UPDATES TO EXISTING TRANSACTIONAL DISCLOSURE

Companies with pending or proposed transactions that are or become the subject of filings with the SEC may consider updating existing disclosures, or crafting new disclosures, to the extent the COVID-19 pandemic may have an impact on the transaction.

For example, a company may want to address whether the COVID-19 pandemic presents a risk to a capital raise or acquisition financing, or whether any representations, warranties, or covenants are no longer true in light of COVID-19.

Companies may also want to consider updates to their risk factors in their transactional disclosures.

FORM 8-K CONSIDERATIONS

Although COVID-19 by itself does not trigger a disclosure under the SEC current reporting obligations on Form 8-K, there are instances in which a company’s response to the effects of COVID-19 may trigger a current disclosure obligation.

Examples of when disclosure may be triggered include if a company decreases the salaries of any of its named executive officers (NEOs), enters into a material loan agreement or draws down on a credit facility due to the need for additional liquidity in response to COVID-19.

As we discussed in our March 25 LawFlash, the SEC has granted public companies a 45-day extension of the deadline to file certain disclosure reports that would otherwise have been due between March 1-July 1, 2020.

While the SEC has provided relief in the timing of certain disclosure obligations for public companies as a result of COVID-19, there are some items that require a company to respond quickly and file an 8-K. Because reliance on the relief order itself requires filing an 8-K, there would be very few circumstances in which it would make sense to rely on the relief order for an 8-K obligation.

POTENTIAL PITFALLS

Despite the SEC’s clear imperatives in the Public Statement, issuers should nevertheless be mindful of potential pitfalls in certain elements of forward-looking disclosure.
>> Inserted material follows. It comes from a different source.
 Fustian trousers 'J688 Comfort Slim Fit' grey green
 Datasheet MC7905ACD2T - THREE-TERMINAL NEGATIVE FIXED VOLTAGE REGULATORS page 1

For example, quarterly and annual guidance are frequent topics of forward-looking disclosure. During the current COVID-19 response, companies should evaluate whether to retain, withdraw, or revise guidance. As part of this evaluation, a company must balance whether it is in a position to produce reliable guidance at any particular moment given market conditions and continued COVID-19-related uncertainty.

Companies must also consider the implications of disclosing revisions to previously issued guidance on their future public disclosure obligations. Despite the assurances in the Public Statement about not second guessing good faith attempts, a company may still face challenges from plaintiffs’ firms. Such firms could later argue that a company has assumed a duty to provide further revisions as a result of changing circumstances relating to COVID-19 or otherwise. As such, a company should modify its disclaimers to explicitly disclaim any future updates if it chooses to issue revised guidance.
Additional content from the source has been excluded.